After the service, the King is whisked away in his black Chevrolet limousine past the grave of his mother, Queen Salote, who died nearly 40 years ago but still looks proudly over her people from portraits and photographs on walls in businesses and homes.

She was never subject to the outrage of an international audience appalled at actions which highlight the monarch's absolute rule.

To add injury to insult, the person now winning the hearts of the people is a commoner.

" 'Akilisi is the man!" This endorsement of pro-democracy MP 'Akilisi Pohiva comes from Joe Naeata, a 34-year-old Tongan who earns a living taking tourists around the main island of Tongatapu.

Pohiva is responsible for planting ideas of democracy in the minds of a nation where children grow up believing the King is anointed by God.

Pohiva heads the first family of democracy. His daughter, Laucala, is a journalist at the banned newspaper Taimi o Tonga. Son Pooi is with the Human Rights and Democracy movement.

Pohiva says that in 15 years, the democracy movement has grown from nothing. He says it was not easy to change fundamental beliefs that had been there for centuries.

"But compared to elsewhere, Tonga has been much quicker."

Naeata endorses Pohiva's standing as favourite of the people.

"That is the kind of man I like. Like William Wallace in Braveheart, he showed us all the mistakes in Government, and what the ministers and royal family do."

And the King?

The King is a good man, he repeats firmly three times. But he should be like the Queen of England and have a figurehead role.

It is only in the past 20 years that anyone has dared speak about the King. Now, people talk about what is right and wrong.

In a small village on Tongatapu, neighbours Katalina Fauhiva, 26, and Pae Kata, 38, say they love the King because he is the King.





Both women say they want to be able to elect their government. But they are almost too busy to talk because they are preparing food for the royal wedding feast to be held today.

The wedding is proving tremendous gossip fodder.

Two of the bride's aunts are said to have left Tonga and flown to New Zealand in protest at the love match between Princess Salote Lupepeu'u Tuita, 26, and the son of a noble, Mata'i'ulua Fusitu'a, whose first marriage to the kingdom's beauty queen was annulled.

In this deeply Christian community, a prior marriage is a strike against the groom.

The women say their favourite royal is the outcast Maata, because he loves the people. Maata, the King's second son, married a Samoan woman rather that a daughter of a noble family as the King wanted.

Unlike his siblings, he has no official duties and his house is more middle class than mansion.

The name of his brother and heir to the throne, Crown Prince Tupouto'a, is synonymous with money and, as Tongans mutter among themselves, high prices.

Every time people in Tonga make a mobile phone call, buy a local beer or turn on a light, they are putting money in the Crown Prince's pocket.

He has apparently planned his coronation, but the people are concerned he will be too busy with business to rule effectively.

There is hope he will be more open to a democratic government.

The business-minded royal children are making a killing, but it is their father's pipedreams that have made the monarchy a laughing stock overseas.

There was the idea of using Tonga as a dumping ground for toxic waste, of burning tyres for energy, and emptying a lagoon to store Iranian oil.

Projects which did go ahead were plagued with scandal.

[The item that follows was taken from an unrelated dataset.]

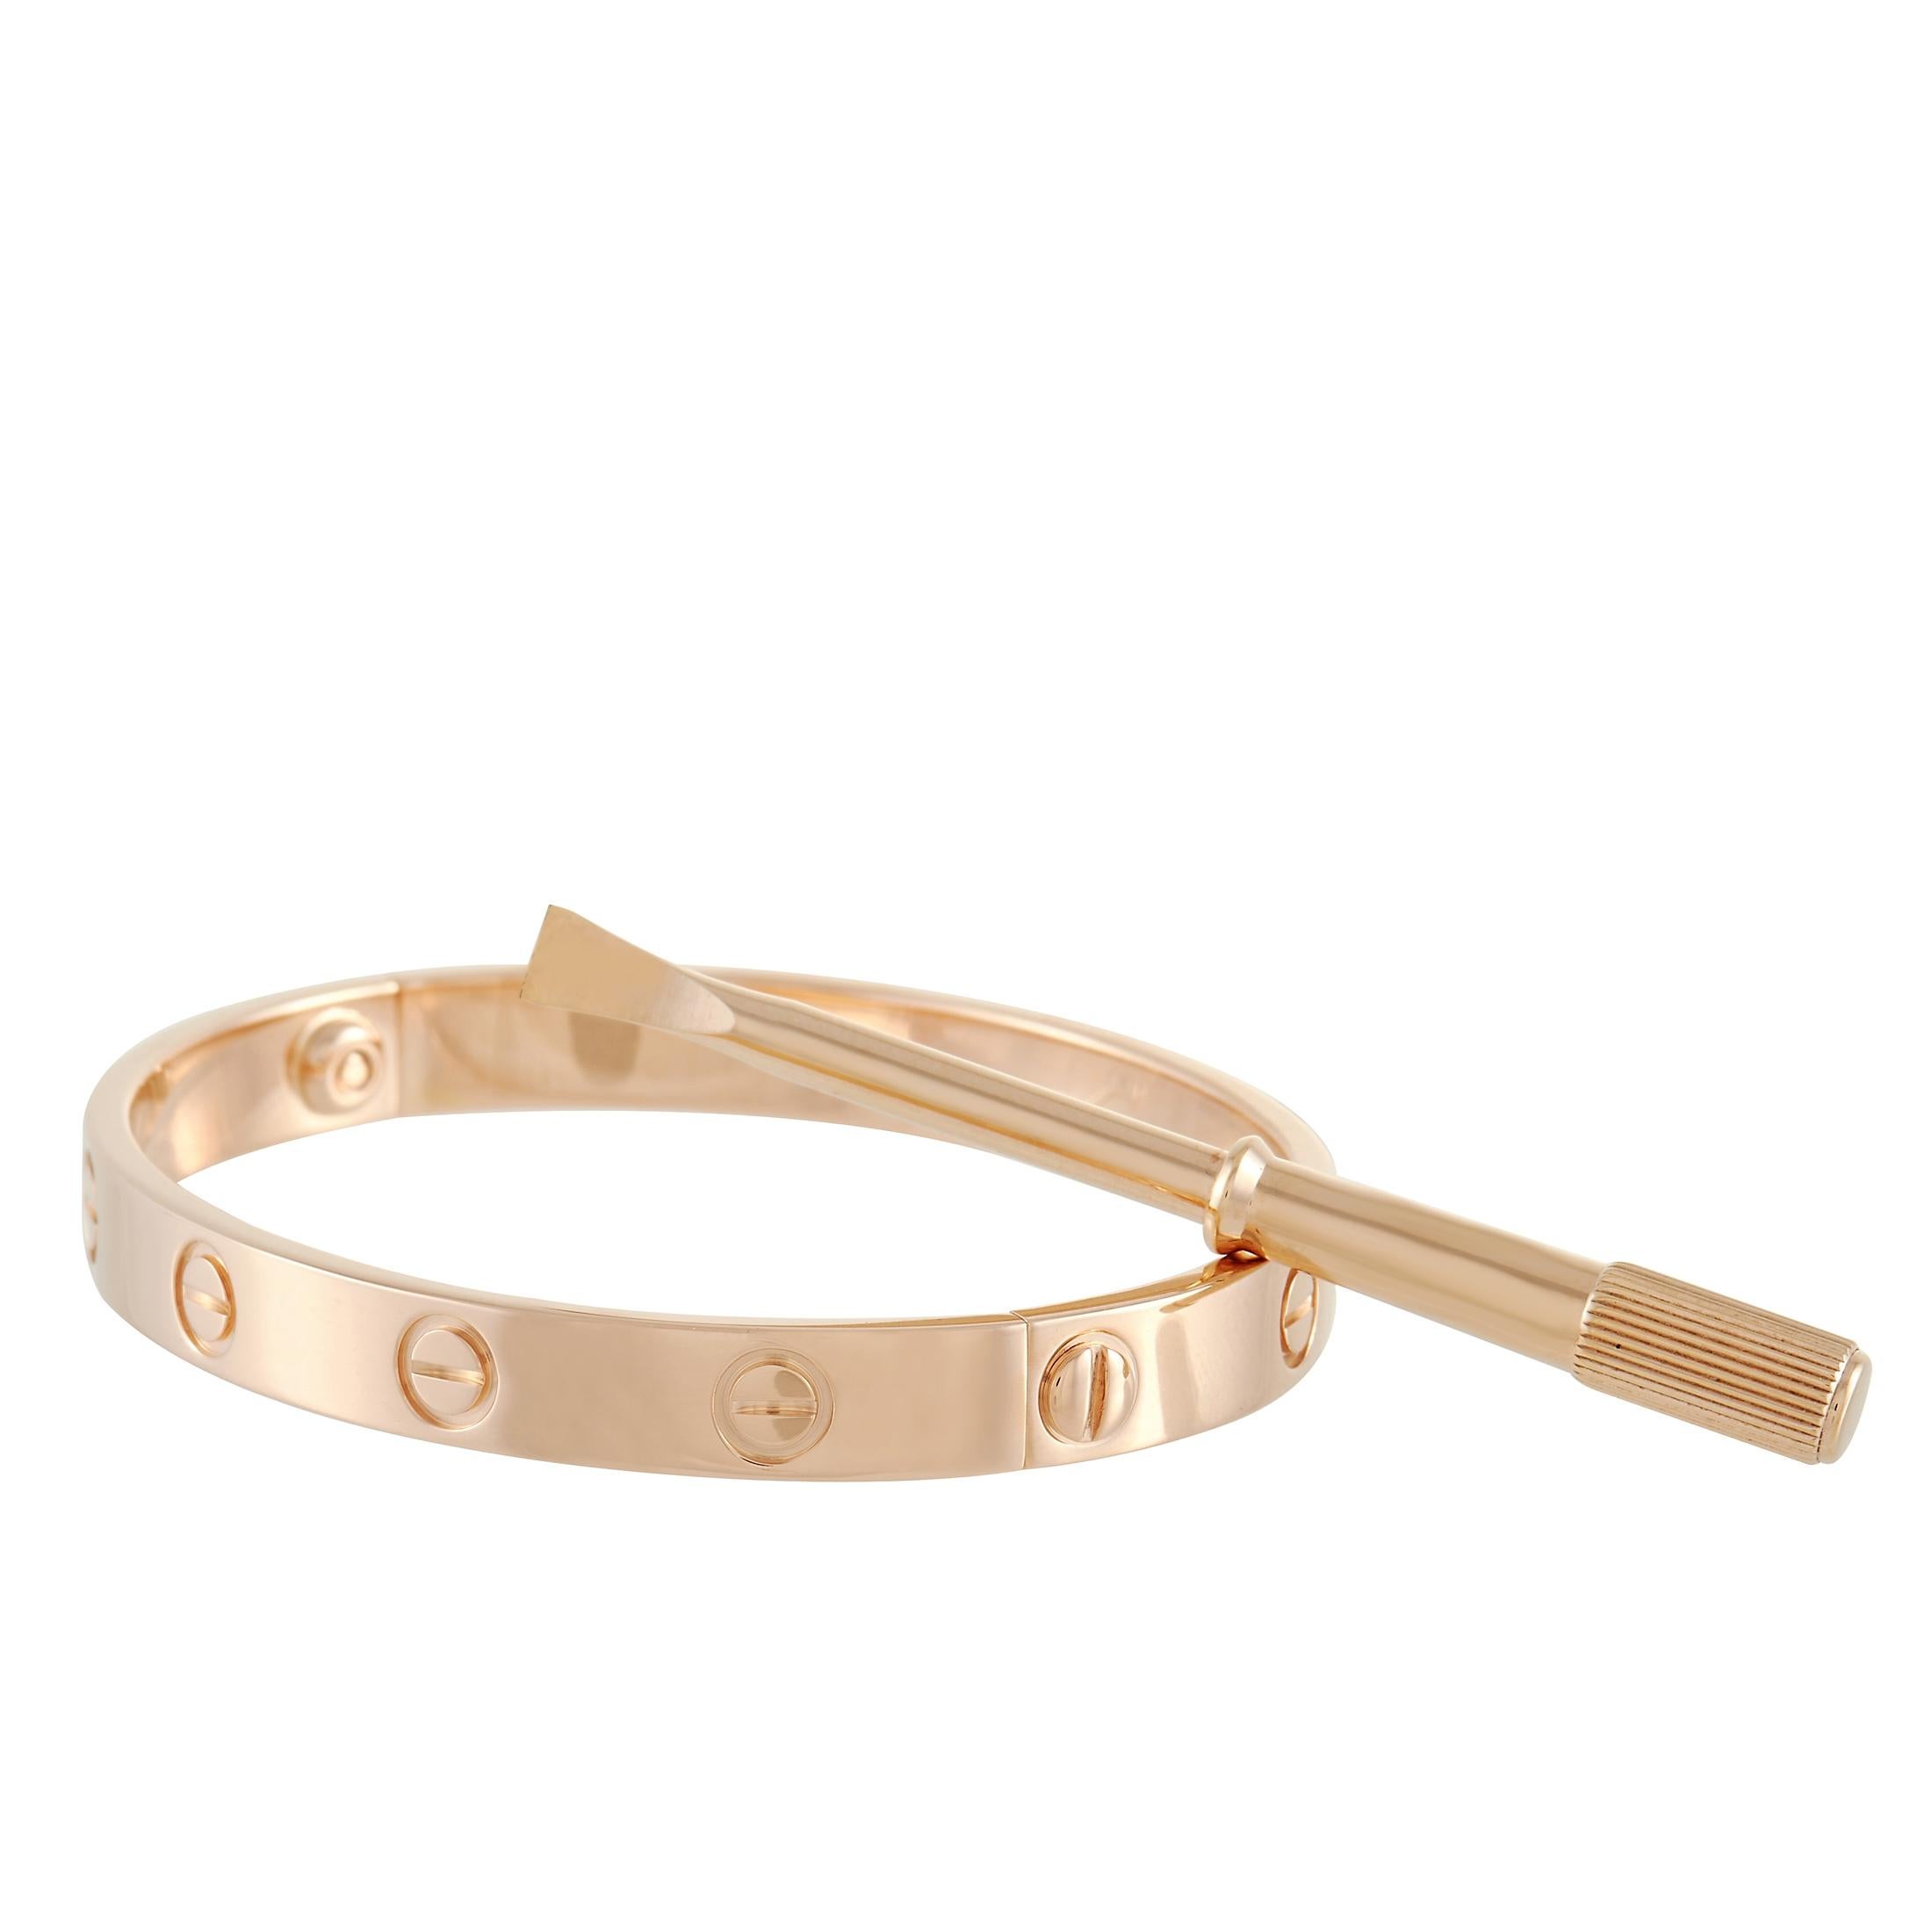 There is perhaps no piece of jewelry more breathtaking than this bracelet from Cartier’s love collection. Crafted from 18K Rose Gold, this estate piece includes iconic screw accents as well as the original screwdriver. This size 16 piece measures

Among them was the unsavoury passport-selling trade from which the lucrative earnings were lost by the King's appointed court jester on an insurance scam.

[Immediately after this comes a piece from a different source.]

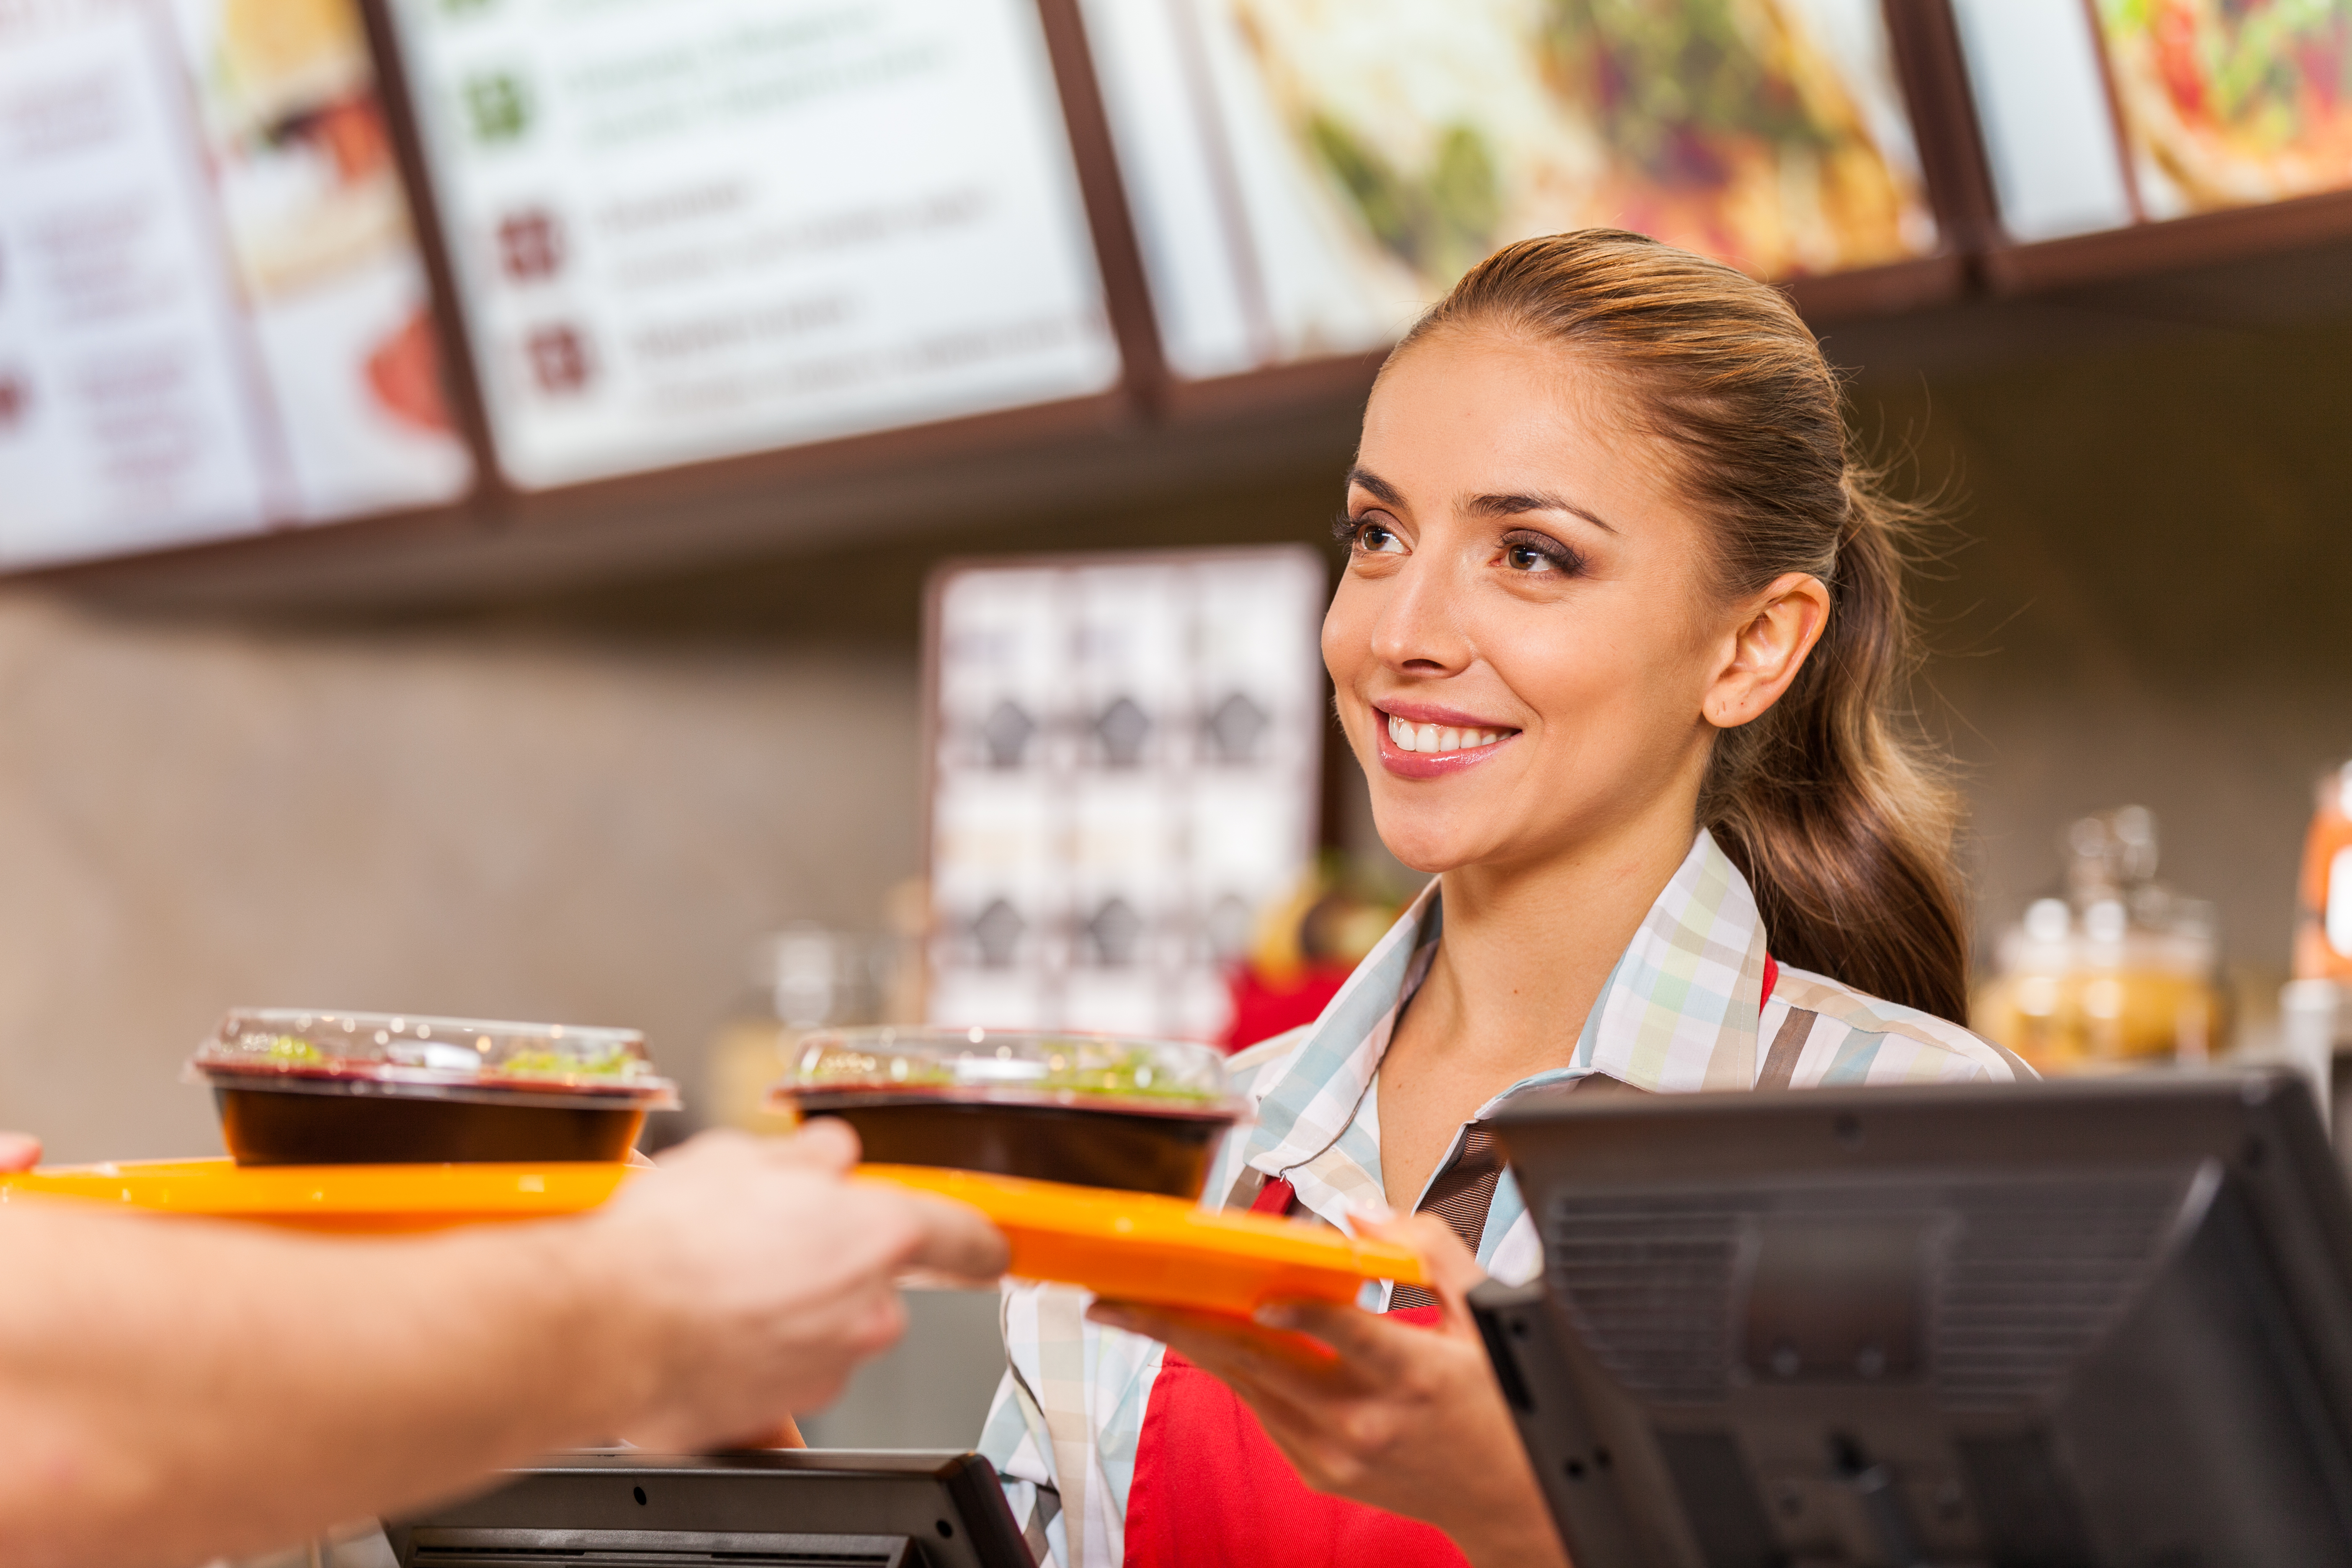 Restaurant Worker Serving Two Fast Food Meals With Smile

With this backdrop of embarrassments, reverence for the King and respect for the hierarchal system are diminishing.

But whatever his faults, the King - Tonga's first university graduate - has blessed his people with a belief in the importance of education.

Increasingly, though, educated people complain they are left out as nobles are chosen for key roles.

Joe Naeata has one reason for supporting the pro-democracy movement.

"The King and nobles are high, and the people are low. We want it to be like in America, where people are all the same."